*** Opening INPUT DATA ***
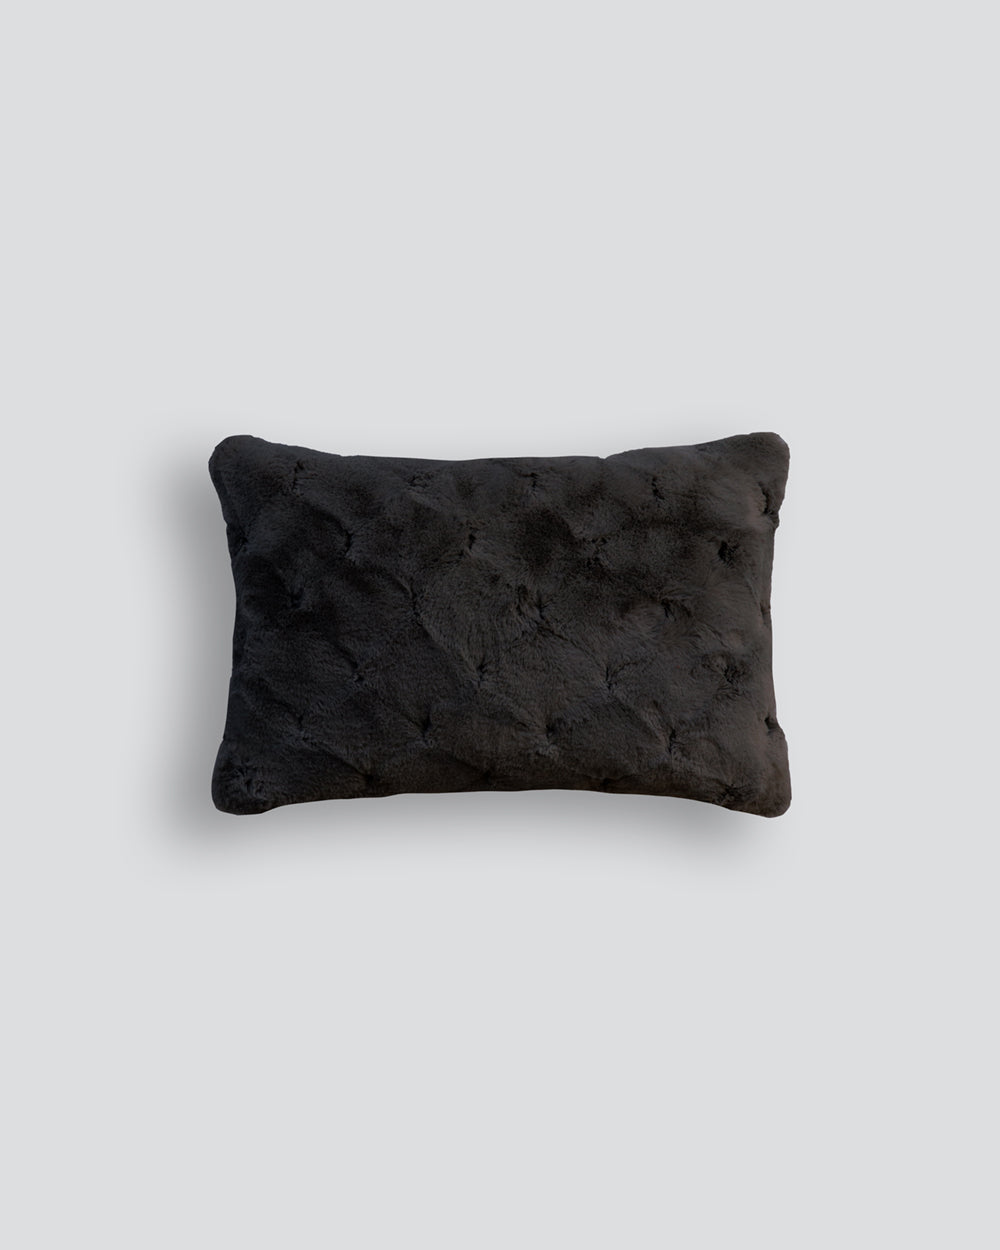 Heirloom Valentina Black Cushions in Faux Fur are available from Make Your House A Home Premium Stockist. Furniture Store Bendigo, Victoria. Australia Wide Delivery. Furtex Baya.
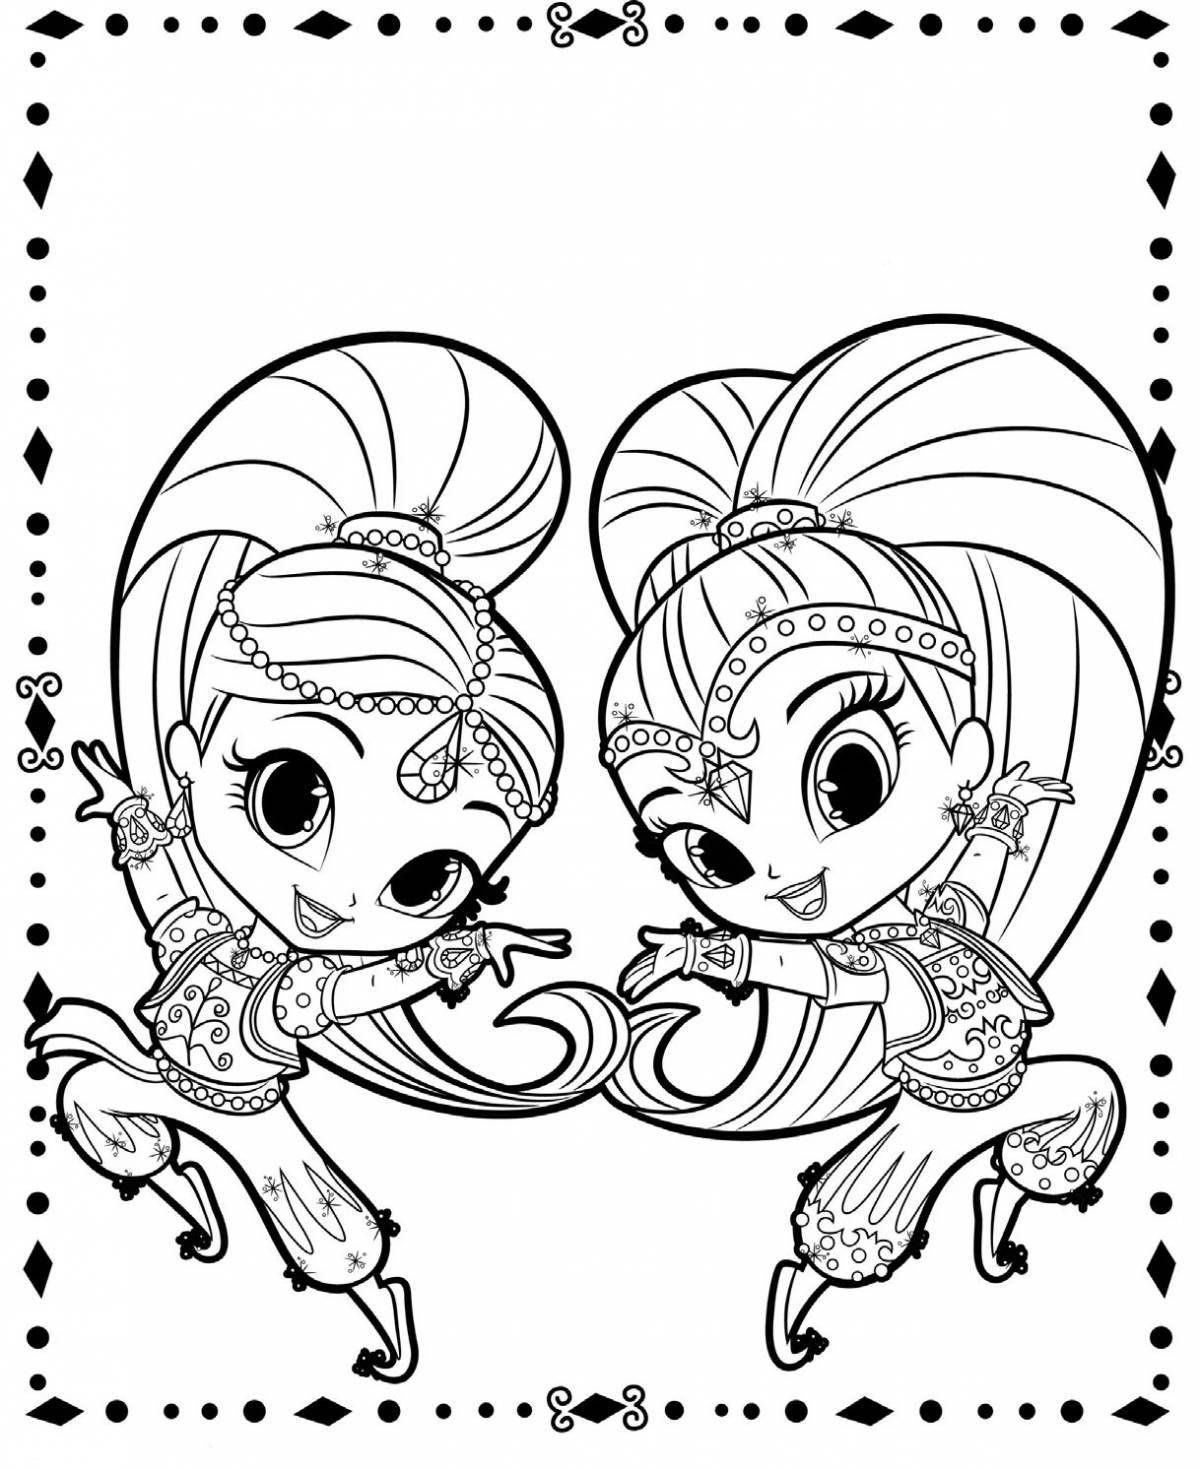 Children's coloring book shimmer and shine
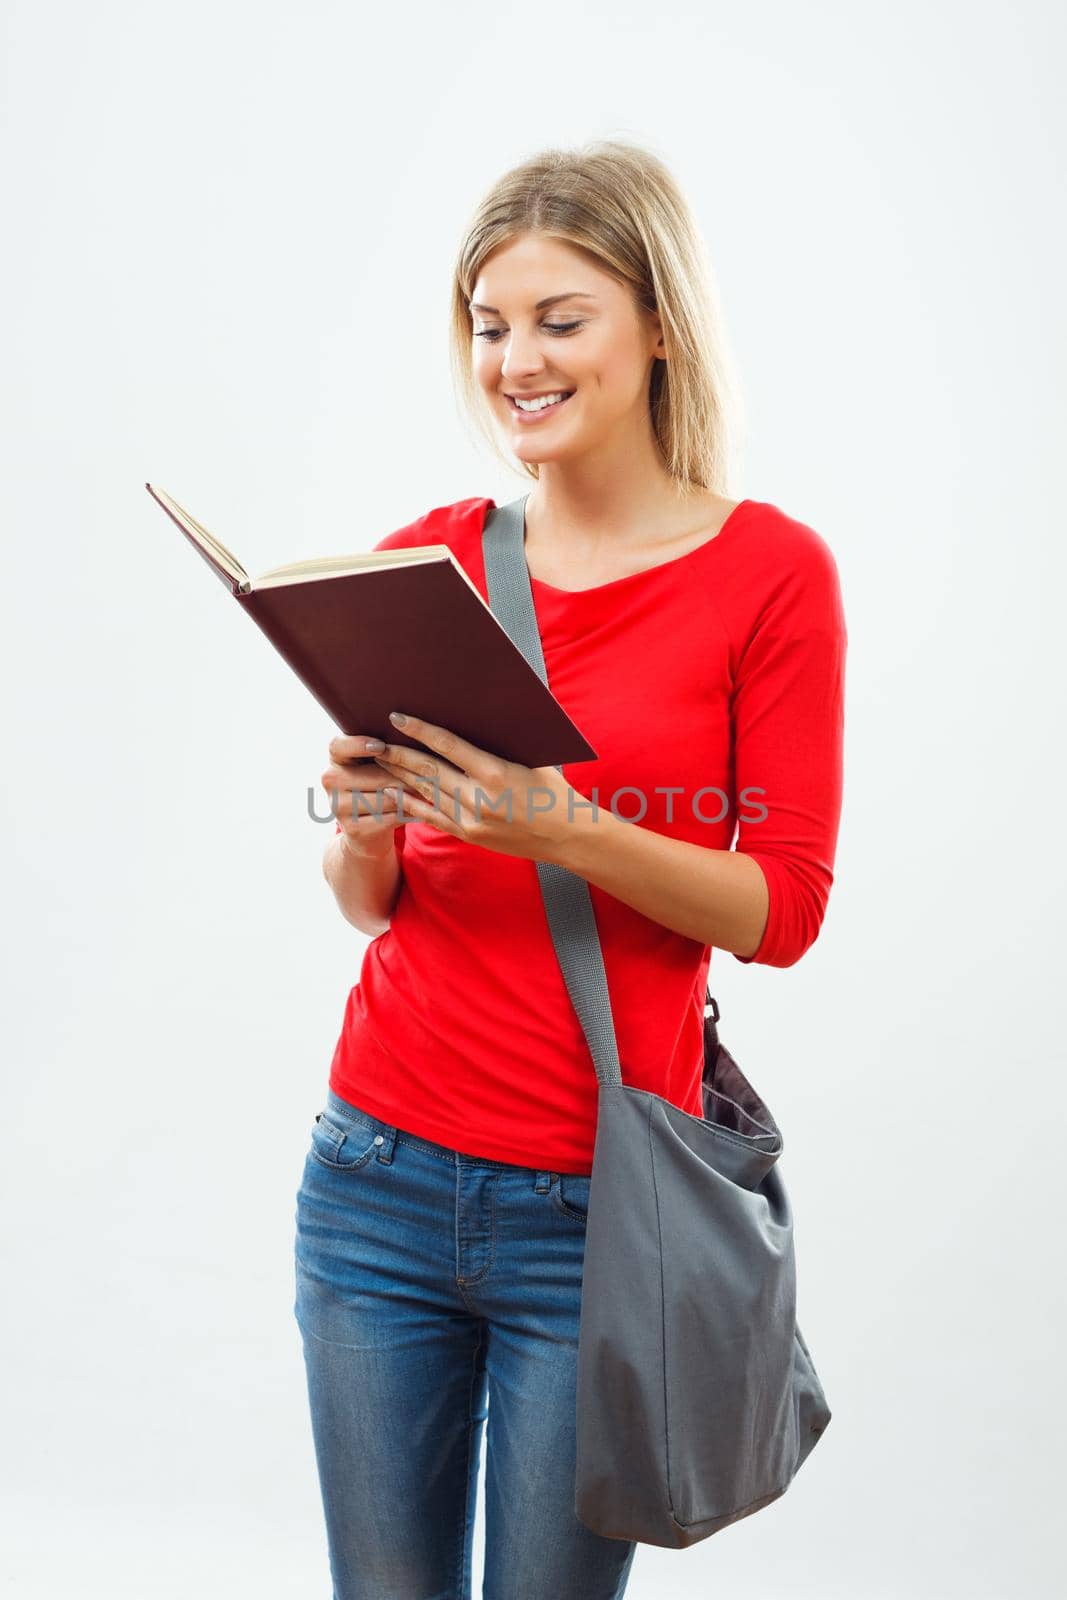 Image of female student reading a book.
*** Closing INPUT DATA ***
◆ ABOUT THIS TASK
The lines from the one containing "Children's coloring book shimmer and shine" through the last line above are to be repeated exactly, and only those. Any pictures must be left out.

◆ SOLUTION FOR THIS EXERCISE
 Children's coloring book shimmer and shine
 Image of female student reading a book.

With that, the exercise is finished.